Exercise prompt
Beginning with the line containing "Planner Wish List" and ending with the line containing "Style ancienne boite", write out each line of the records below exactly; pictures and lines outside that range are left out.

*** Given records ***

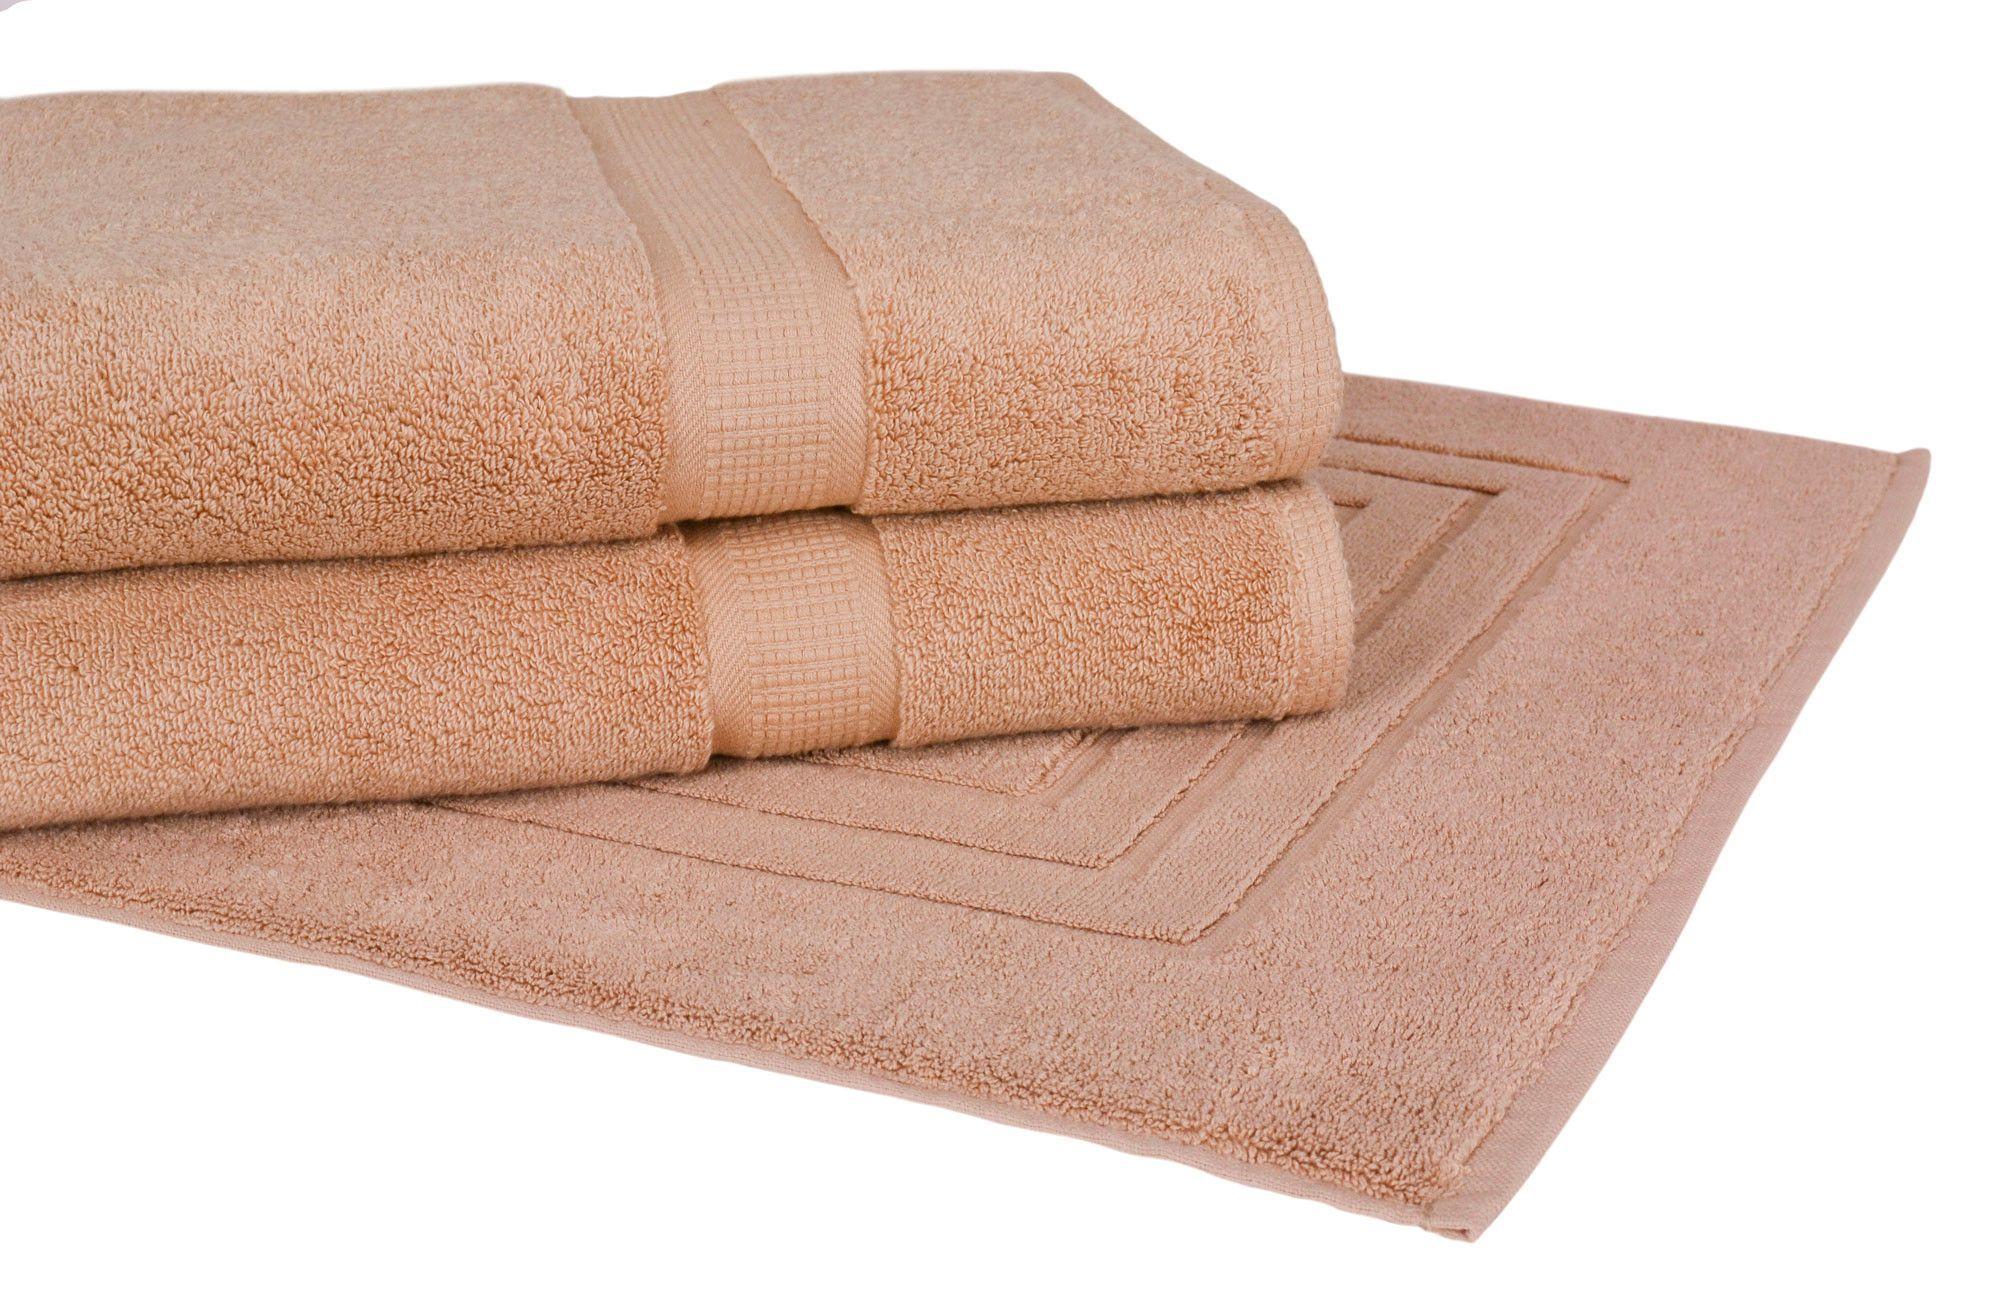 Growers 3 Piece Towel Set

***
*** Given records ***

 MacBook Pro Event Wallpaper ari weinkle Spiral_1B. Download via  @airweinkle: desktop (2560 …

***
*** Given records ***

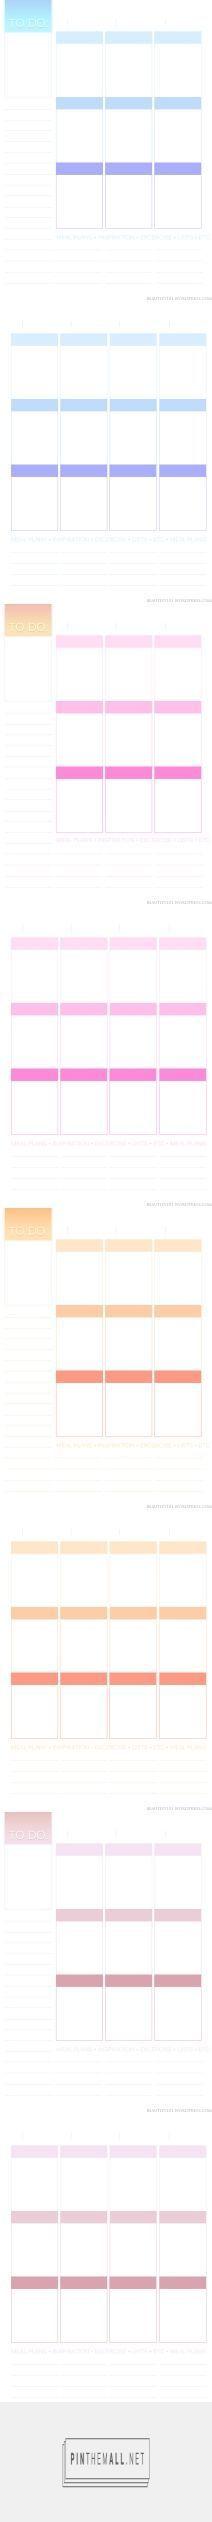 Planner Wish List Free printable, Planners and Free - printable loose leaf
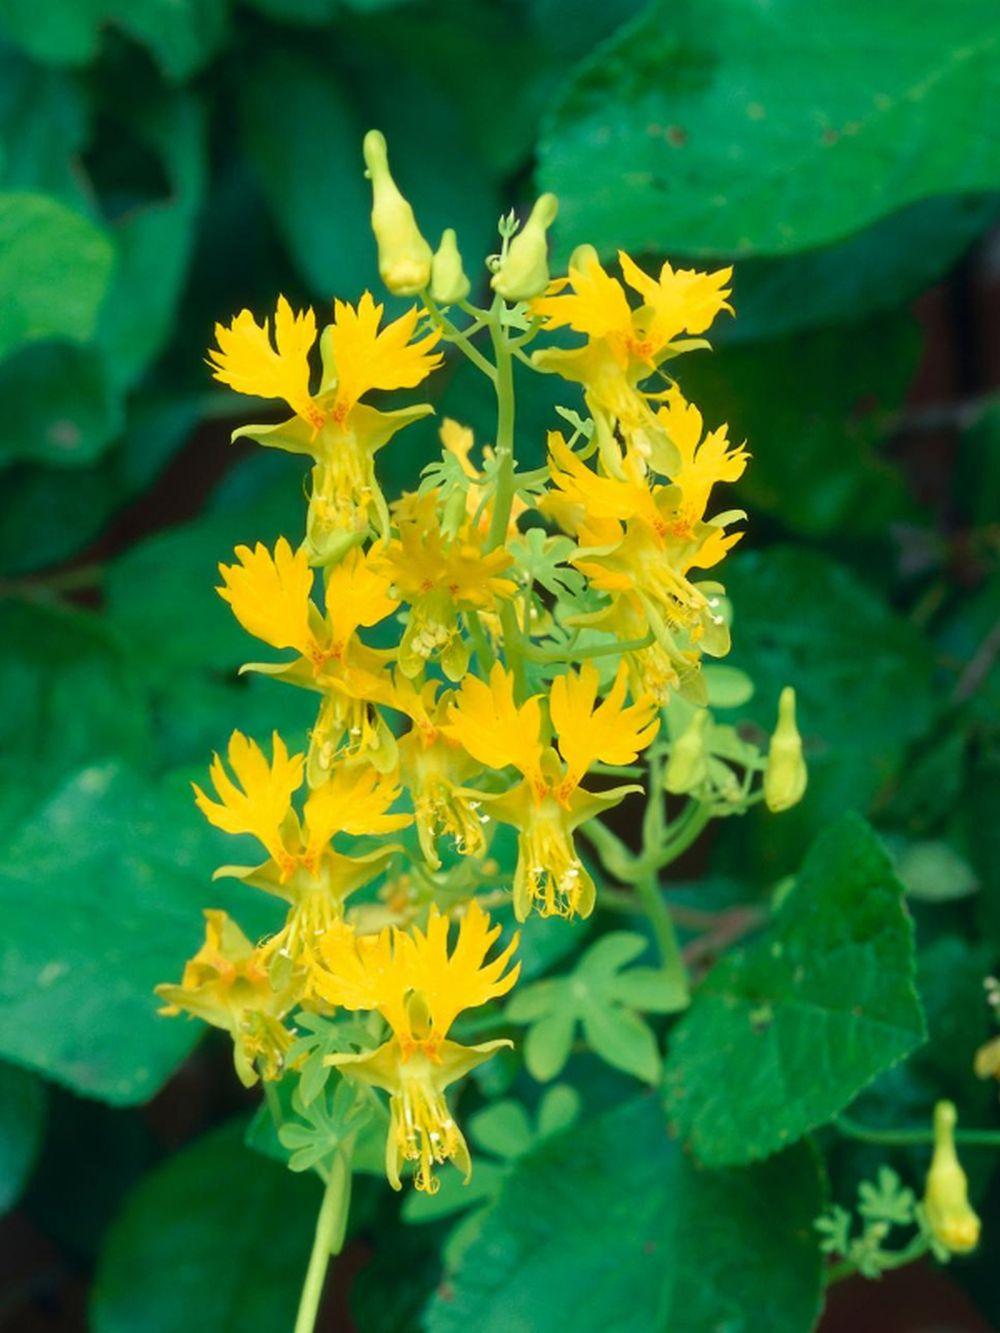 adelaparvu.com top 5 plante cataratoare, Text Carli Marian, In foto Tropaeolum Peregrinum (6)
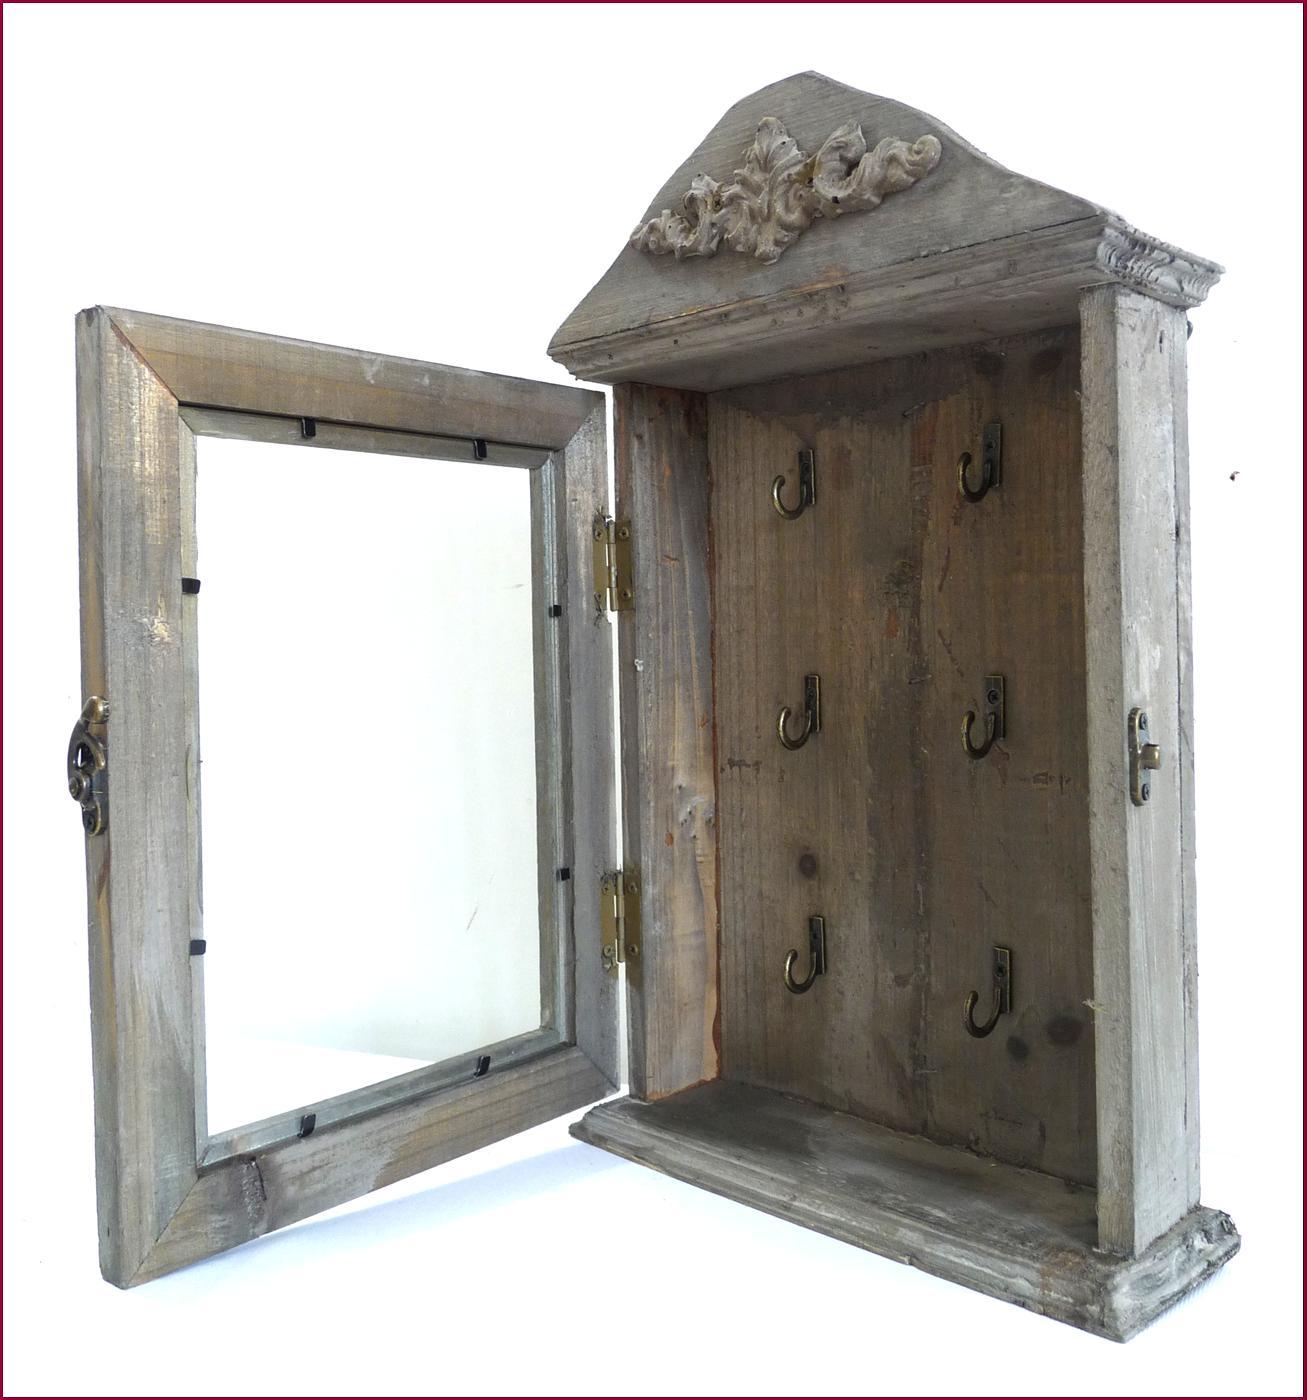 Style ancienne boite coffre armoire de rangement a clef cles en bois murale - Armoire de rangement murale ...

***

Written response
 Planner Wish List Free printable, Planners and Free - printable loose leaf
 adelaparvu.com top 5 plante cataratoare, Text Carli Marian, In foto Tropaeolum Peregrinum (6)
 Style ancienne boite coffre armoire de rangement a clef cles en bois murale - Armoire de rangement murale ...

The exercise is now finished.